In China, lawyers are often detained and tortured for standing up for human rights, professor Teng Biao told a crowd of Lafayette students on Monday. As a human rights lawyer himself, Biao was banned from teaching in China, kidnapped and held prisoner by the Chinese government, which ultimately led him to flee the country.
Biao’s goal is to create a more humane society in China. His lecture gave a brief history of the human rights movement and addressed his own work. Then, he discussed what he said still needs to be done in China.
The Rights Defense Movement (RDM) in China — which includes the development of a legal system and market economy, among other things — has been a large factor in making the human rights movement what it is today, Bio said.
There is an intersection of legal matters within the human rights movement and that causes challenges for people employed in China’s legal sector, according to Biao. He said that lawyers who stand up for human rights in China can face repercussions, including being detained and tortured.
Biao faced his own repercussions for aligning with the human rights movement that eventually caused him to leave China and come to the U.S.
“His lack of embellishment on the difficulties he’s faced as a human rights lawyer is what speaks volumes on how extremely dedicated he is to his work,” Elaine Huang ’19 said.
Biao’s lecture also highlighted how human rights advocacy has mixed with several other movements in China, including LGBT rights and feminism. Human rights have also been affected by political, economic and social contexts of advocacy, he said. He said there are political and social issues at stake when the economy is at stake, which all affect the human rights movement.
“Economic crises have more impact and will bring other crises,” he said.
The rise of technology and the internet have affected both his personal journey and the human rights movement as a whole, Biao said. These innovations have made collective action much easier by reducing the number of steps needed to organize people.
“Thanks to the internet, we can promote the idea of organizing without organization,” Biao said.
He said he believes that the internet is a key component of the human rights movement in China today.

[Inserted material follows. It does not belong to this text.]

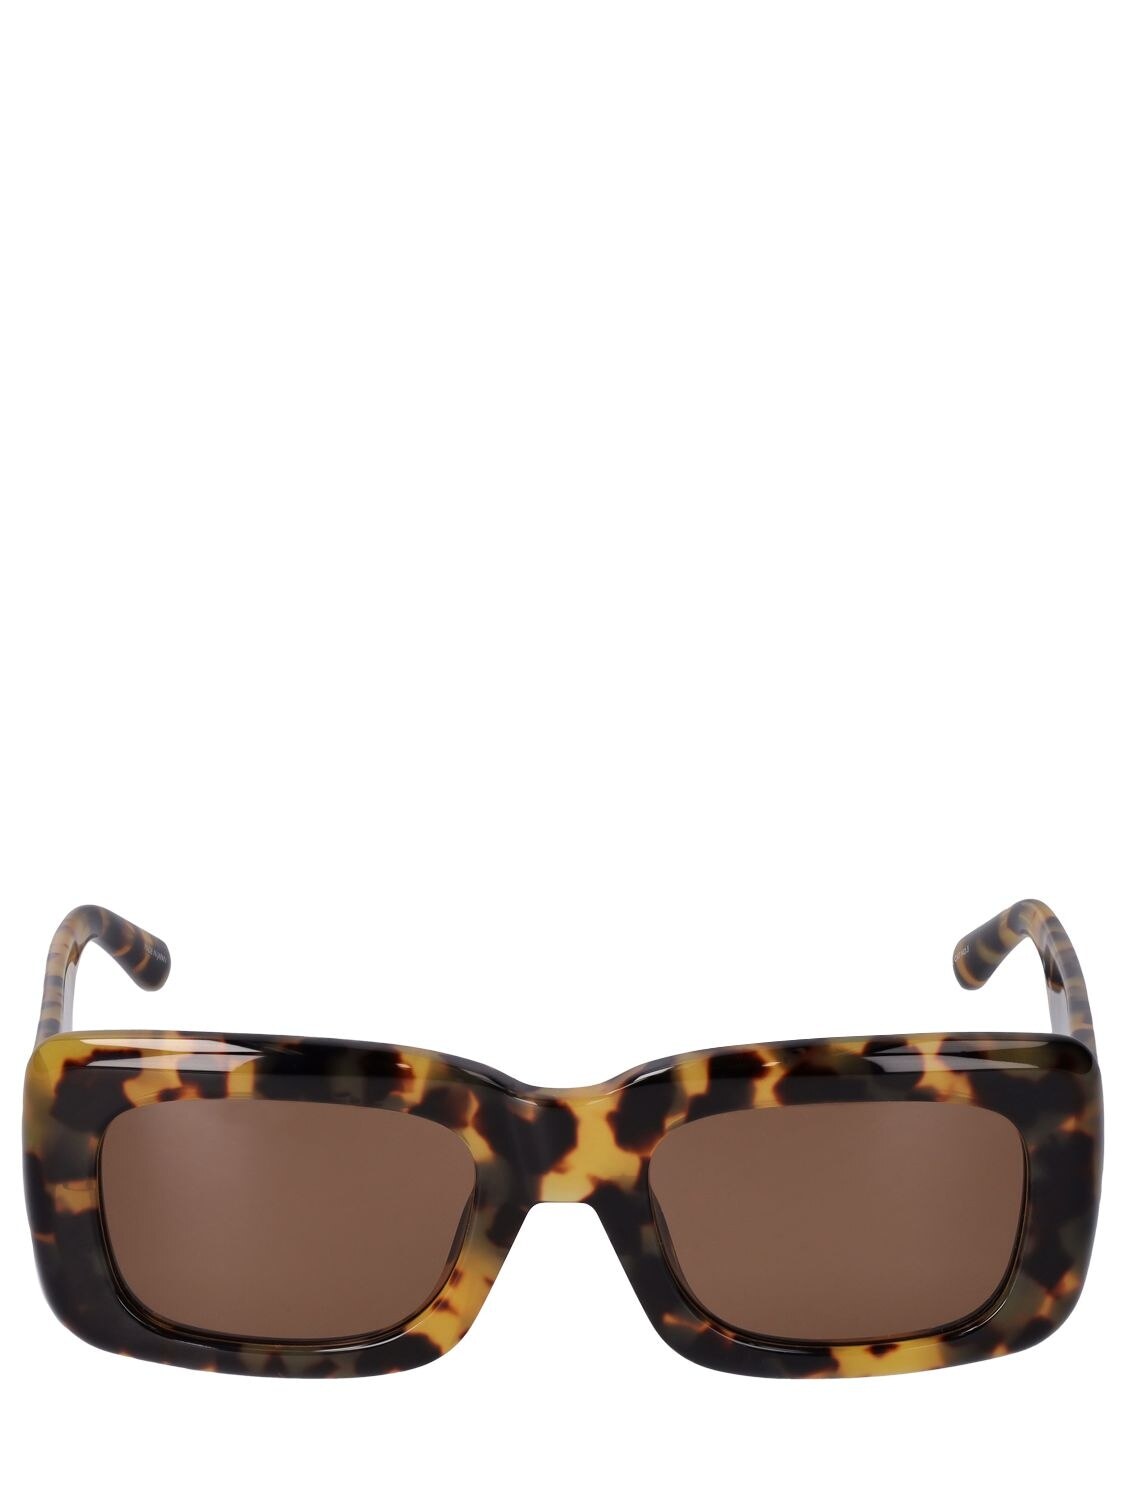 THE ATTICO Marfa Squared Acetate Sunglasses in brown

Through his lecture, Biao bridged the gap between the movement before the rise of newer technology and the progress made once the internet was widely embraced.
Then, he ended his lecture with a global message meant to compel the audience to consider human rights worldwide.
The lecture, “Human Rights Advocacy in China” was sponsored by Lafayette Amnesty International, the International Affairs program and the Anthropology and Sociology Department.